DATA EXTRACT:
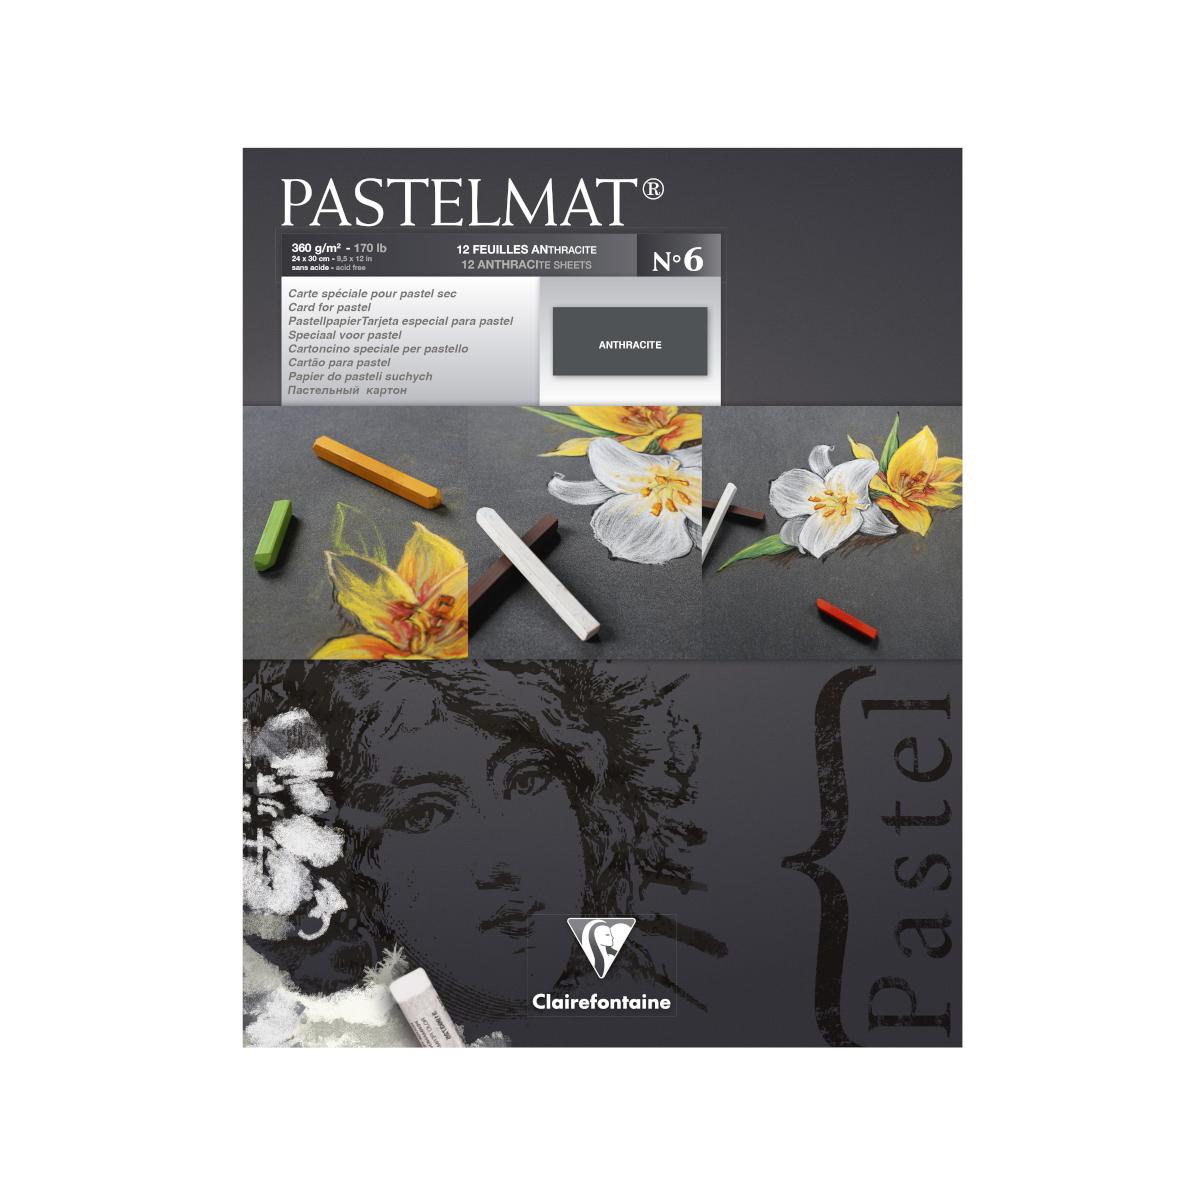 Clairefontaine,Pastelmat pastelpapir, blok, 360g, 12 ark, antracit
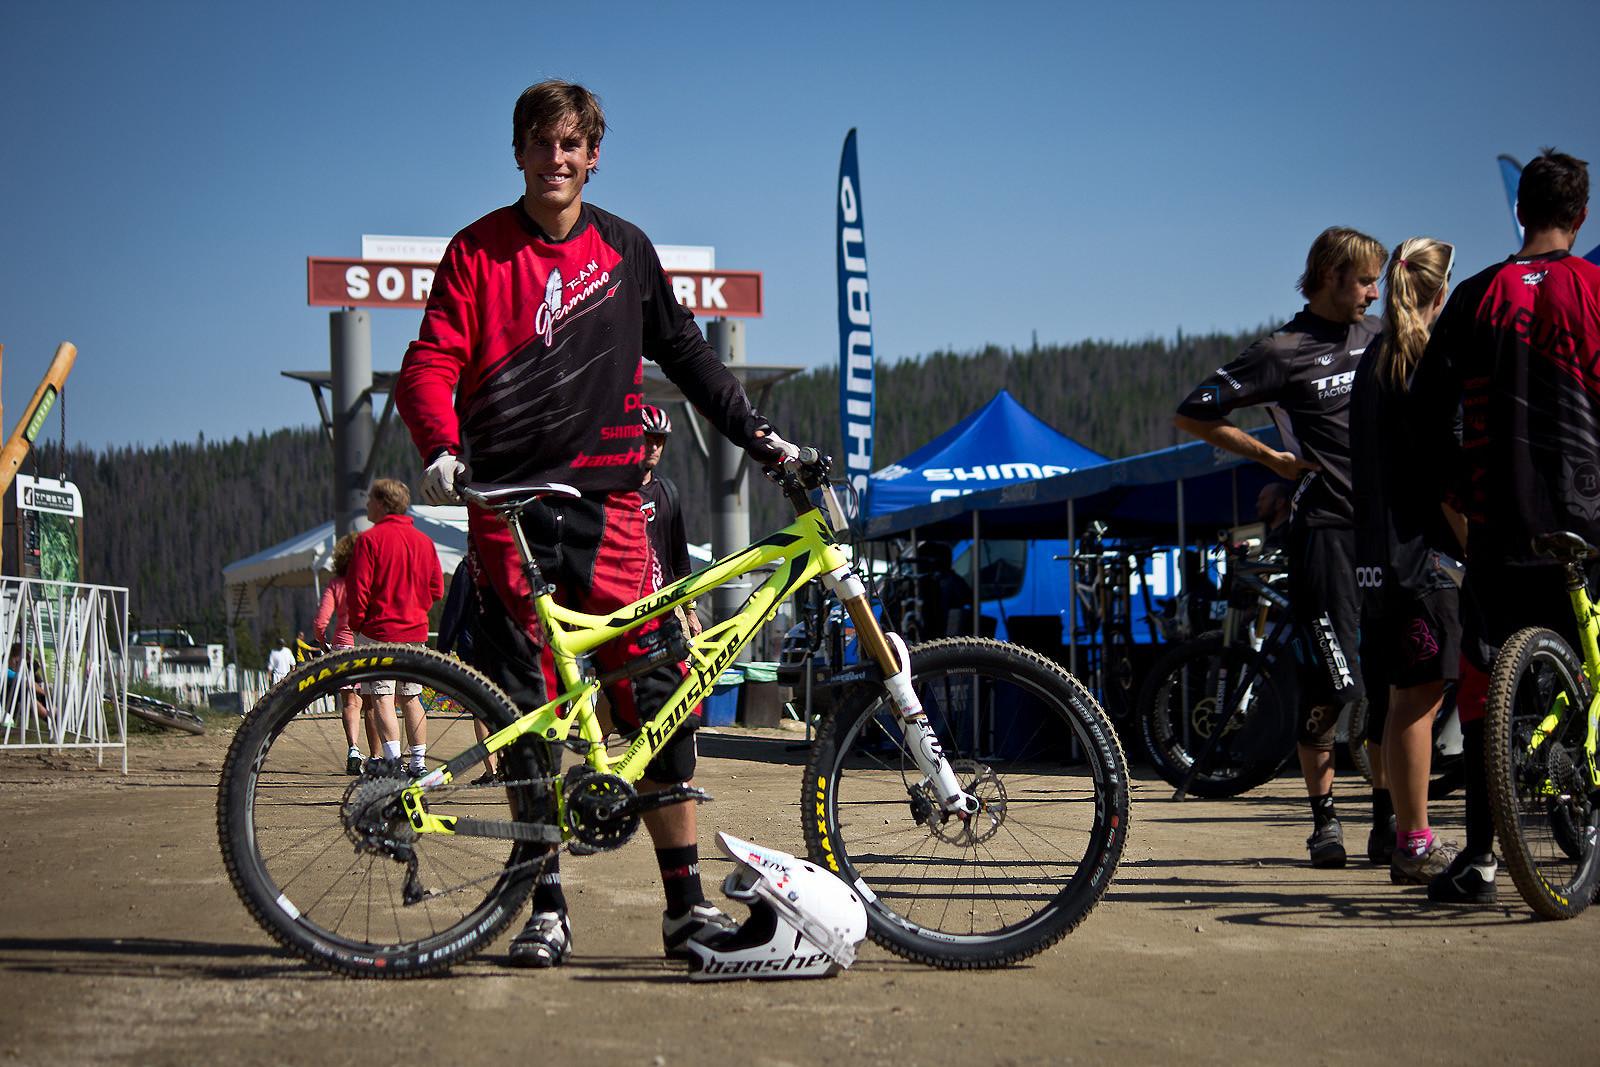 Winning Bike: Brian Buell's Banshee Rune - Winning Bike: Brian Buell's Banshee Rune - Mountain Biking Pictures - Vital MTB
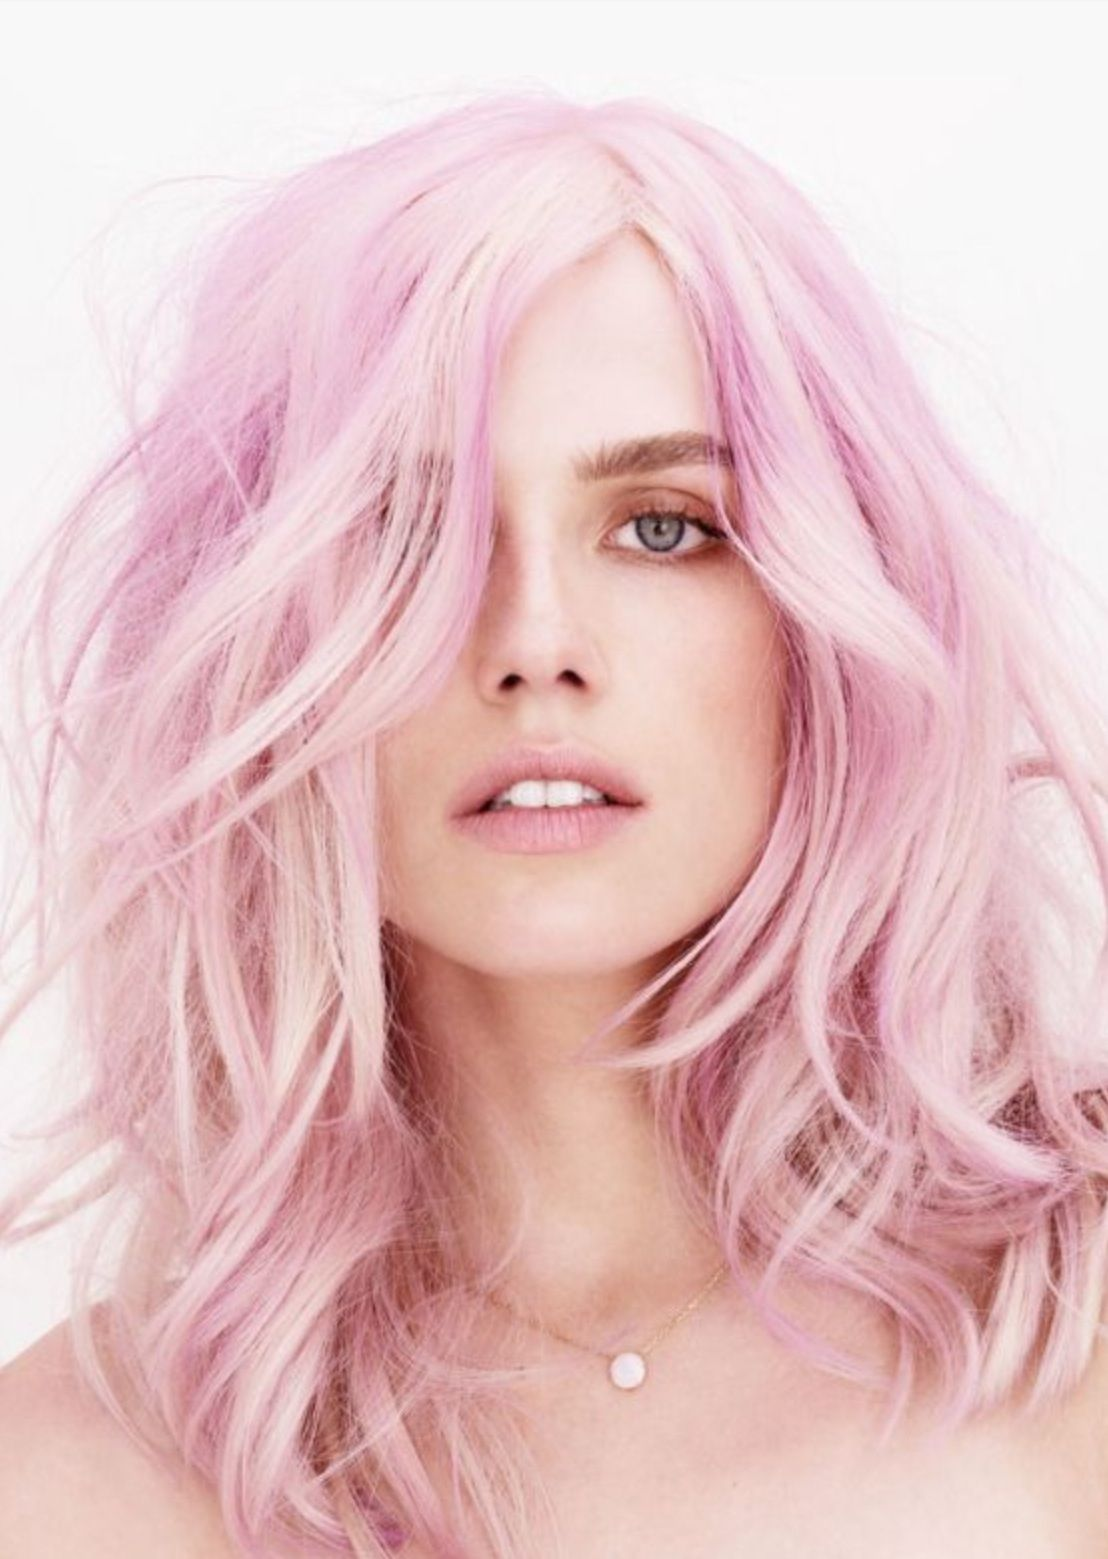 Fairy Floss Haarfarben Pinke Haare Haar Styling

YOUR TASK:
Every line above should be output exactly, except for the pictures.

COMPLETED TASK:
 Clairefontaine,Pastelmat pastelpapir, blok, 360g, 12 ark, antracit
 Winning Bike: Brian Buell's Banshee Rune - Winning Bike: Brian Buell's Banshee Rune - Mountain Biking Pictures - Vital MTB
 Fairy Floss Haarfarben Pinke Haare Haar Styling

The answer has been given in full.